(1) Overview

Context

This data was produced as part of the research for a publication on the English dative alternation for spoken data [2].

(2) Methods

The EAS is composed of transcripts of spontaneous conversations, recorded in the period 2012–2014 and contains over 4 million tokens. The corpus also contains rich metadata about the speakers and the context of the conversation [1].

The EAS provides a rich opportunity for studying linguistic phenomena in a deeper sociolinguistic context. The dataset presented here deals with the so-called English dative alternation. To identify such constructions, we manually queried the EAS via the CQPweb interface, an online corpus query and analysis system [3]. The queries were carried out for six frequent verbs that occur with both dative alternation patterns [2]: give, lend, show, send, offer, and sell.

Although these queries used the EAS, they can be reproduced in the full BNC2014 corpus via the metadata tag Sample release inclusion (available in CQPweb and the underlying XML). The queries produced six intermediate sets of results with concordance lines containing a limited surrounding context for each occurrence of the target verb in the corpus. These intermediate result sets were saved manually as separate spreadsheet files.

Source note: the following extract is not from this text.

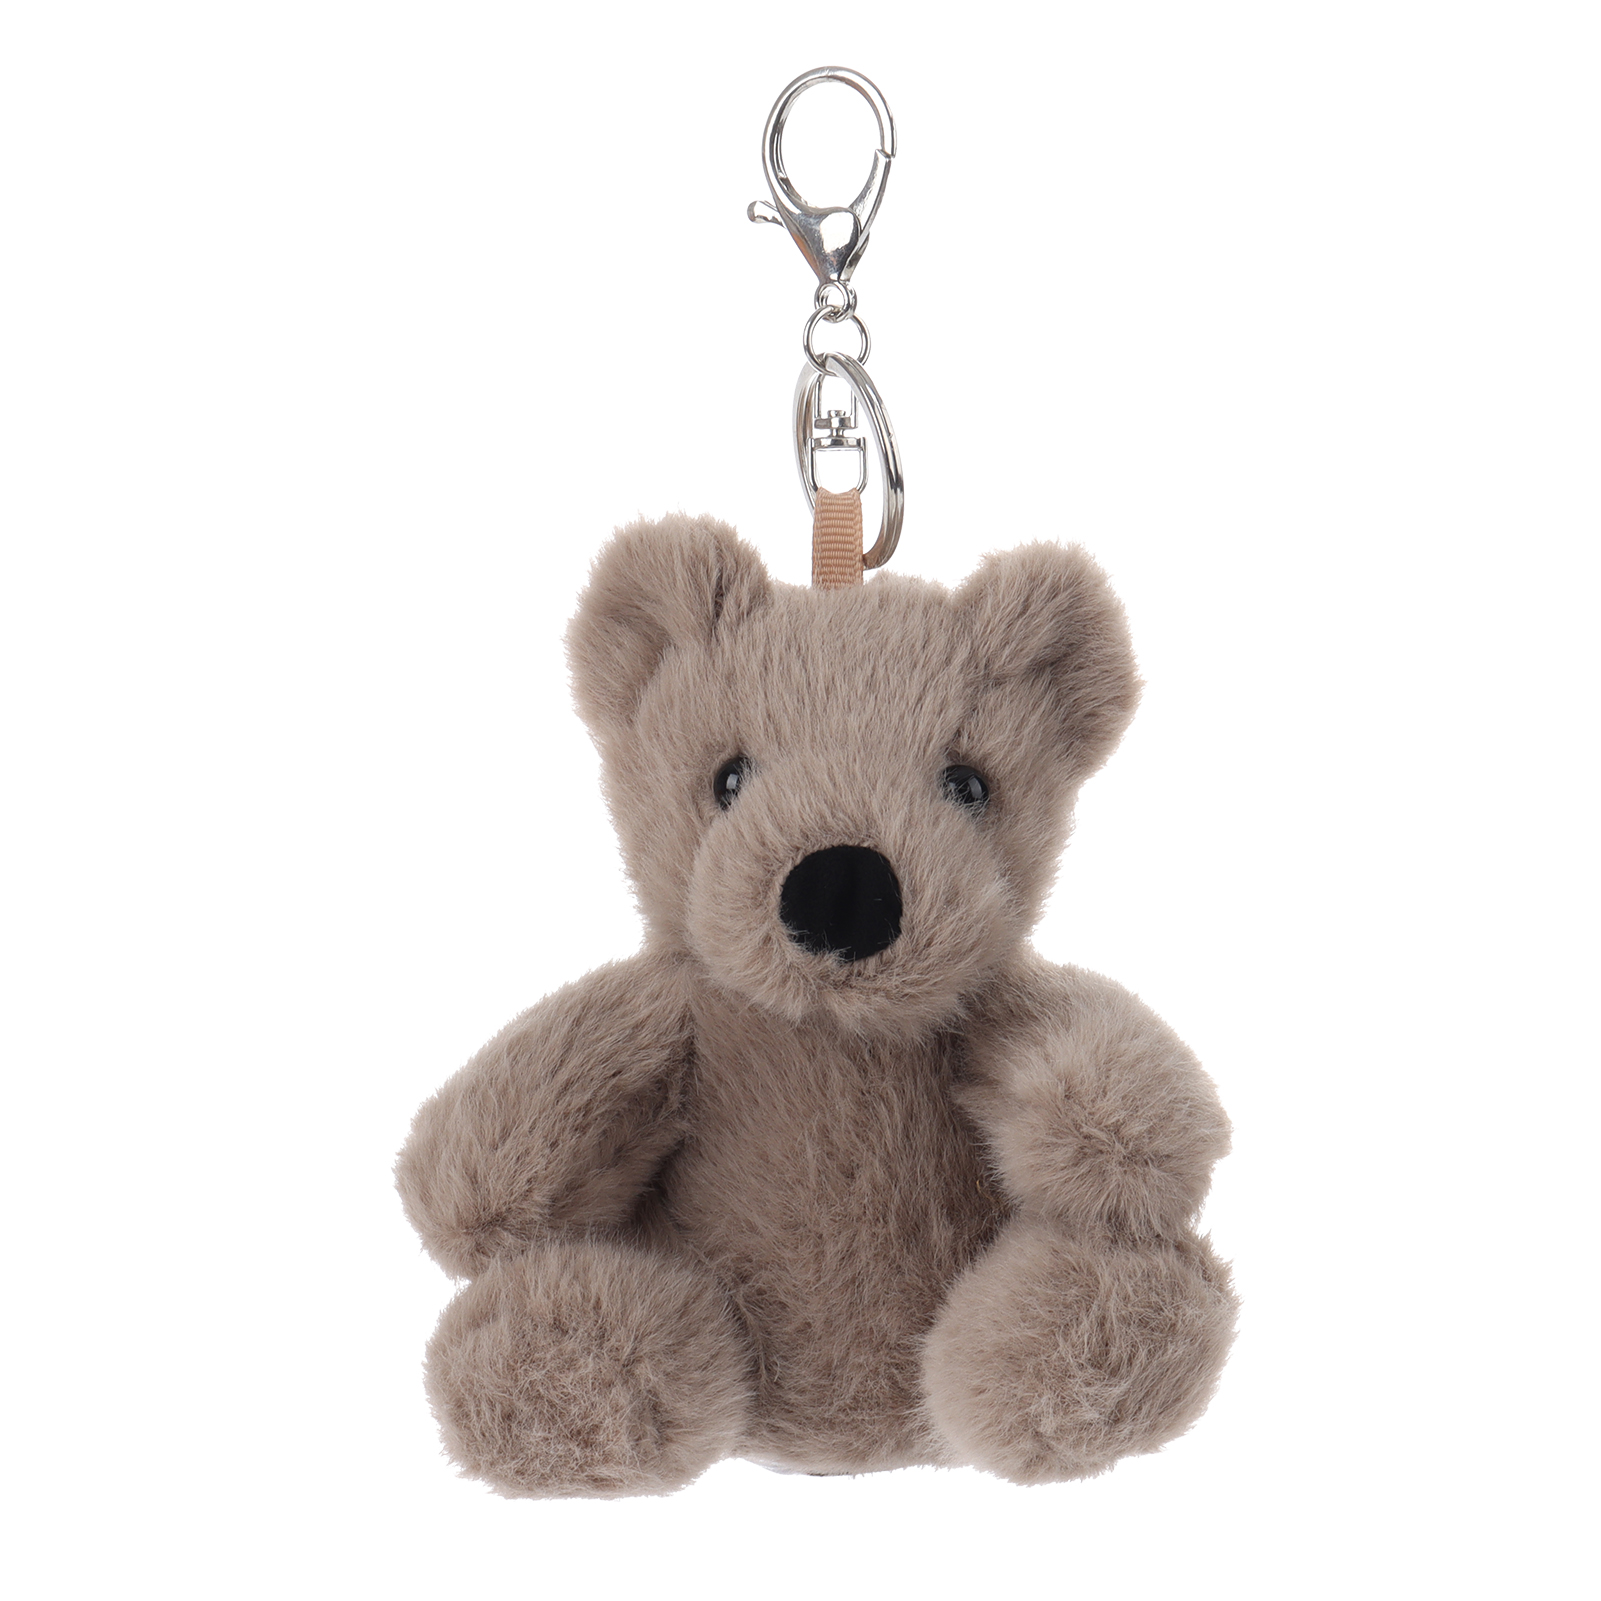 Apricot Lamb Key- Small Bear Stuffed Animal Plush Keychain

The raw files were manually examined, and the rows that did not correspond to either of the constructions in i. or ii. were filtered out. Examples of omitted results are phrasal verbs like “give up” and idioms such as “give a shit”. The remaining results were manually annotated for two syntactic patterns exemplified in i. and ii. Additionally, the syntactic head of the noun phrase arguments (e.g. “board” in the phrase “the board”) were manually identified. The corpus markup does not include annotation for the relevant features we required. Experiments with automated syntactic annotation using tools trained on written English data did not yield good results, and for lack of appropriate training data a manual annotation process was followed. Moreover, we manually annotated the lemmas of recipients and themes with information about animacy. The resulting file is available as a supporting file alongside the dataset.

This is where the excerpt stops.